I wiped another tear before it had a chance to fall. I wanted him to hurt as badly as I did. I looked at him, shaking my head, wondering how he could even ask.

“How could I?” His eyes held me, begging me to change my mind, pleading for forgiveness. I shook my head again. “No.”

There was a long silence. Years passed before he spoke again.

His voice was barely there. “I didn’t think so.” He slowly stood up, and then he reached out a hand to me. “Come on. I’ll take you home.”

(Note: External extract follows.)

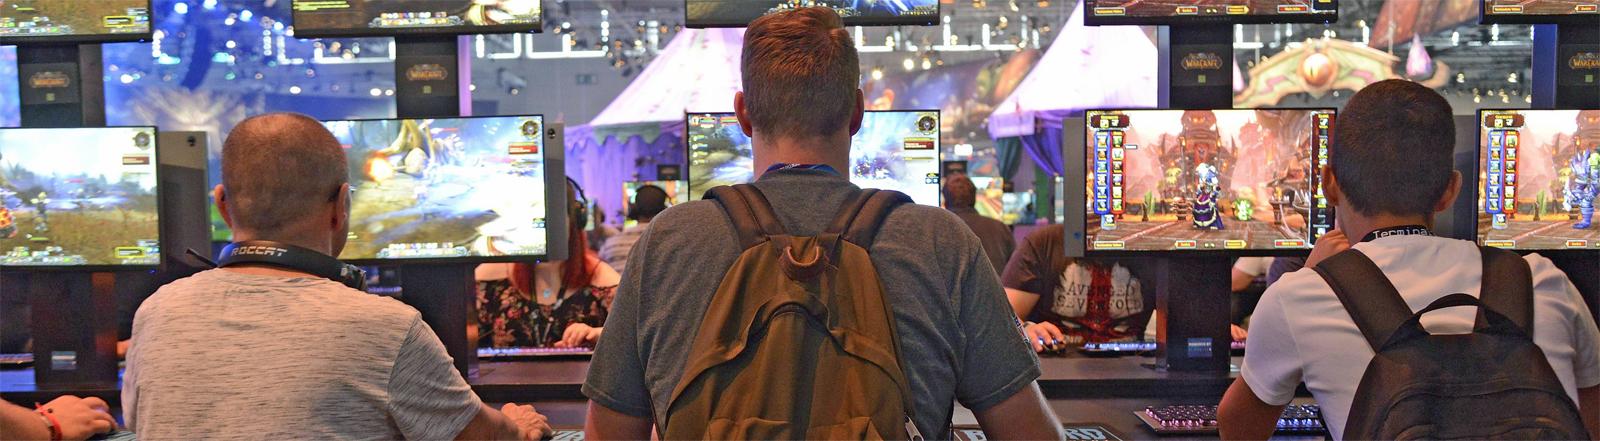 Gamer auf der Gamescom 2018 in Köln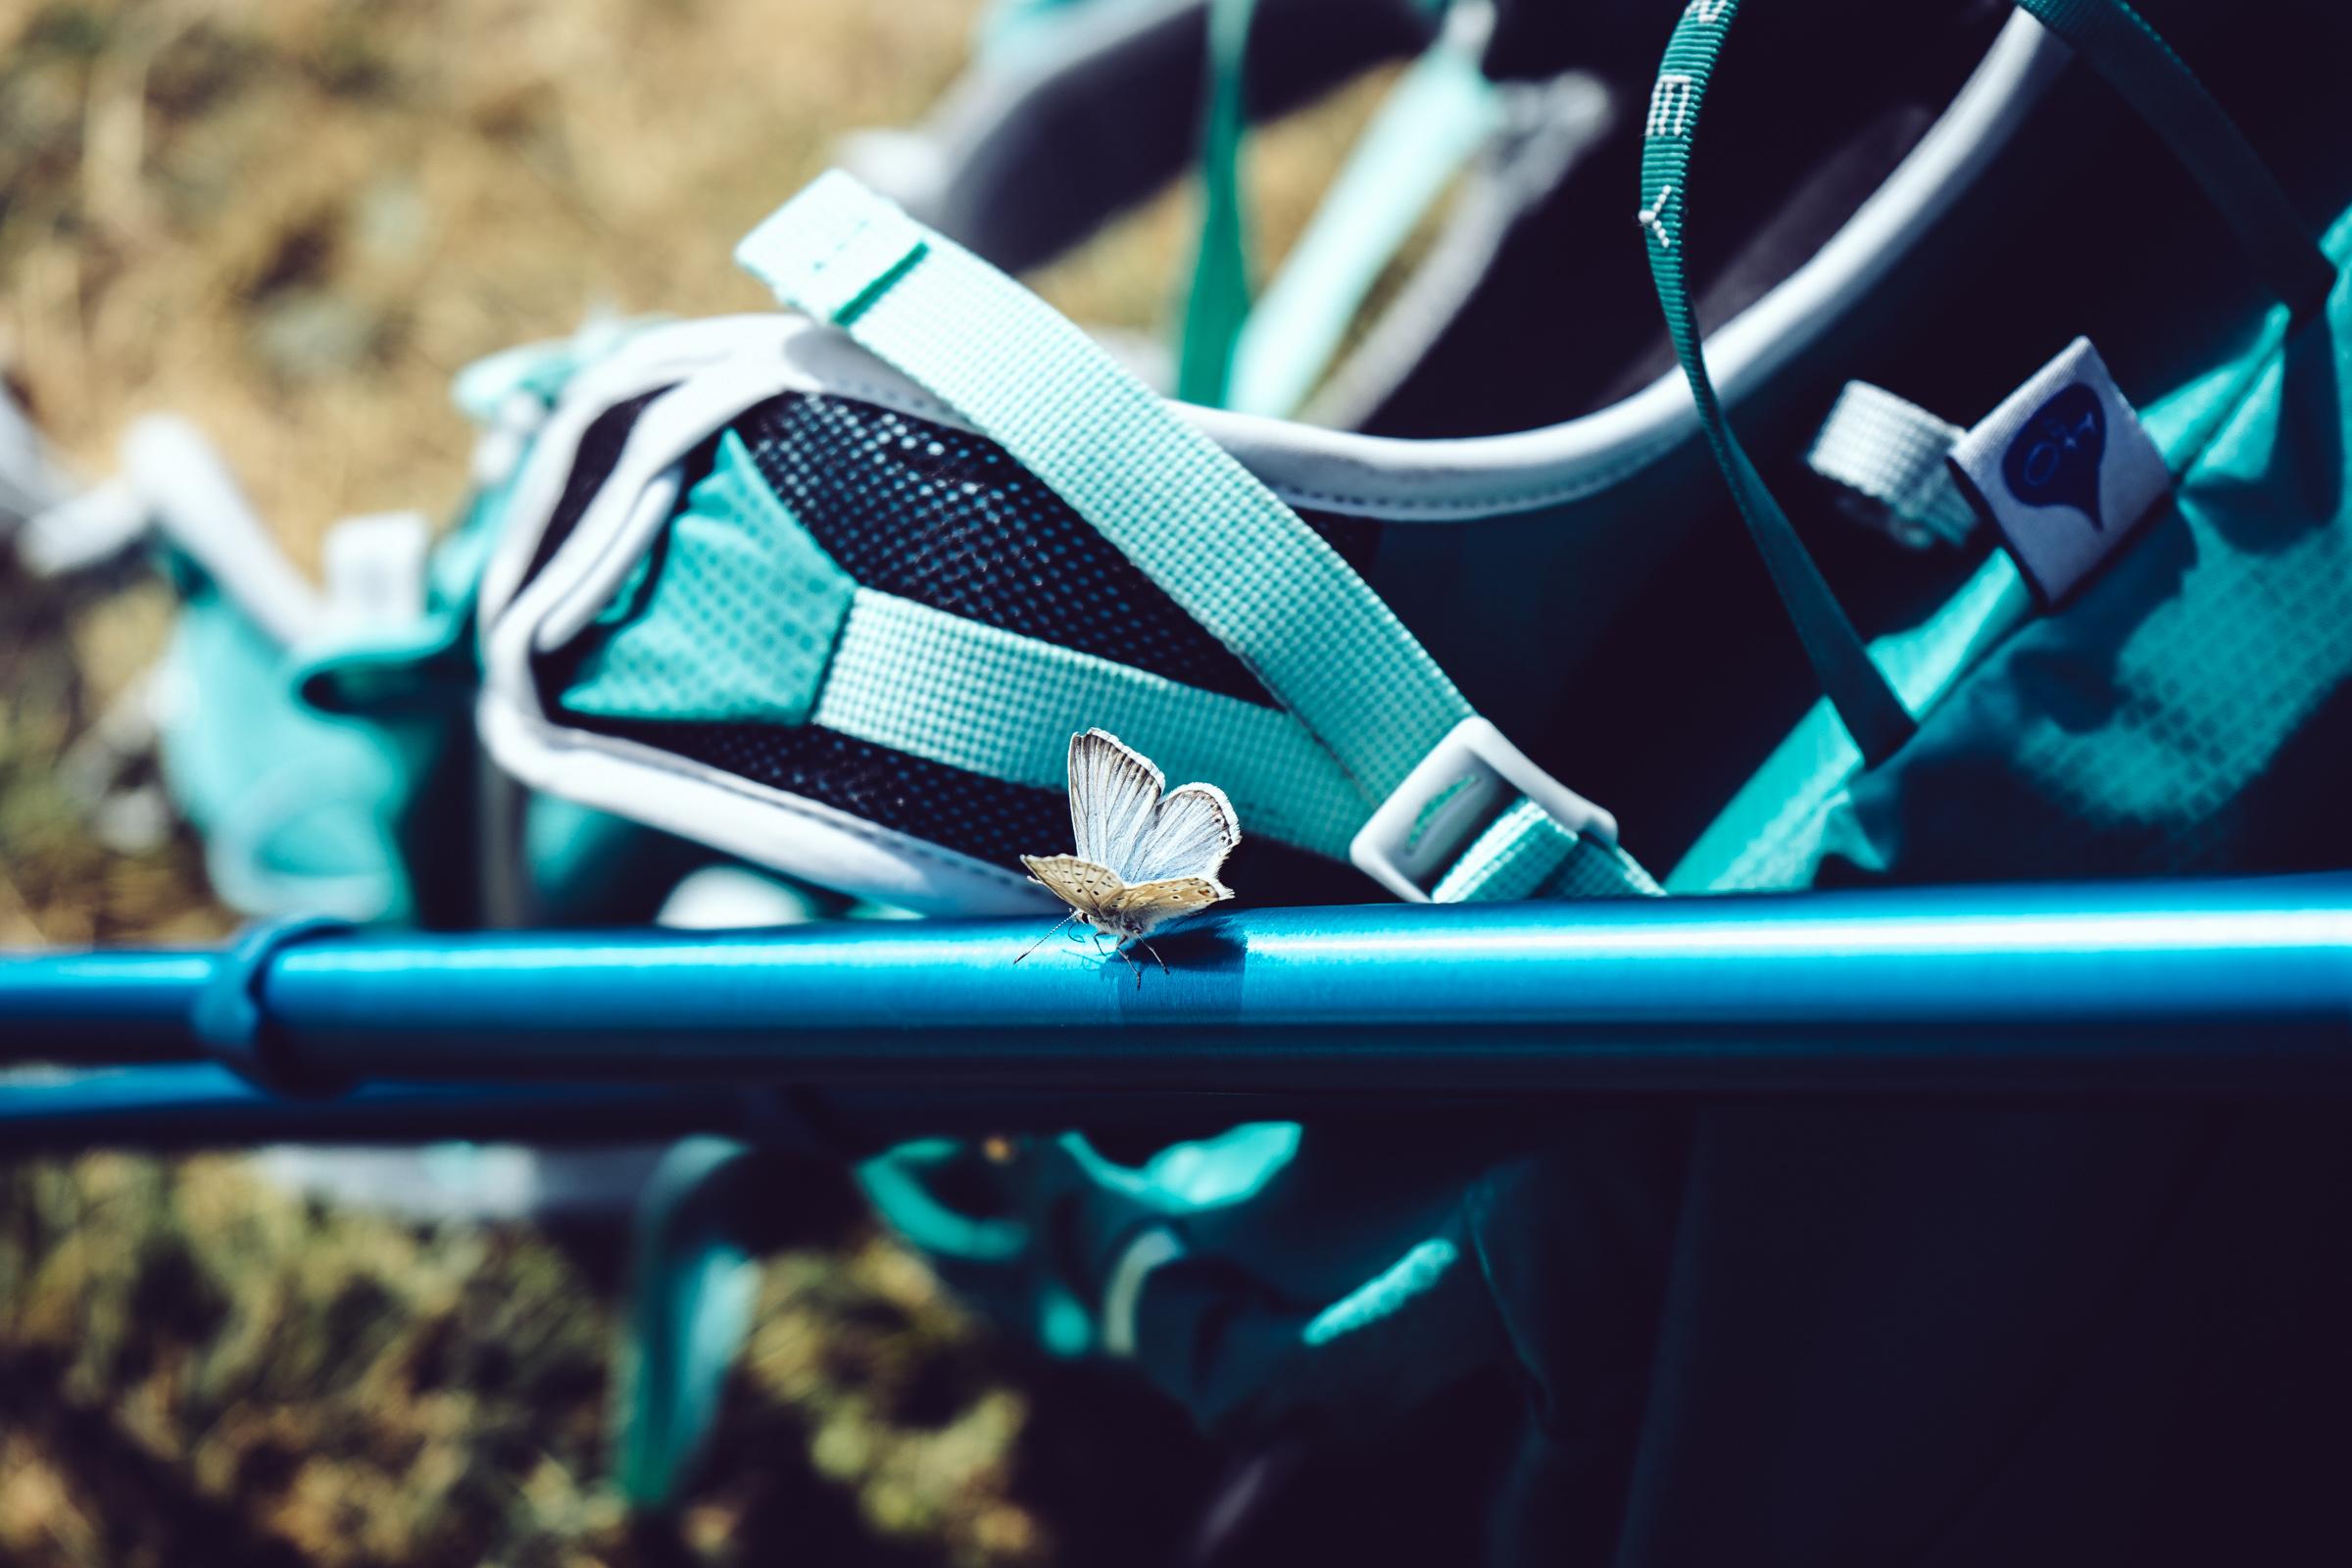 Sac Osprey - Randonnée dans le Vercors

I stared at his hand. Did he really think I was going to take it? Those fingers, that strangled a man? That gripped a knife and carved a fine deadly line across a girl’s throat? He must have seen my thoughts in my face, because he dropped his hand. The miserable line of his mouth would have broken my heart if I’d let myself forget all the blood he’d spilled.

I stood up without his hand and lifted my chin. If I’d learned anything from my mother, it was how to look like you were all right when you weren’t. When nothing would be all right again. I turned my expression on him, emotions carefully packed away under ice, and said, “Okay, let’s go.”

I should have been afraid; I knew from his memories that he could kill me before I even knew to run. I even knew where he still kept that wicked dagger, in a scabbard underneath the leg of his jeans. But my fear was locked away with everything else, and I didn’t think I was going to open that box for a long time. Maybe not ever.

Luke sighed and retrieved his three nails from the entrance of the monument. “For what it’s worth—I’m not going to hurt you. I can’t.”

I eyed him frostily. “The same way you ‘can’t’ tell me anything about yourself?”

He shook his head, not looking at me. His eyes scanned the graveyard, though nothing was visible through the cloying mist. “Not that way at all. Come on. Before They come out.”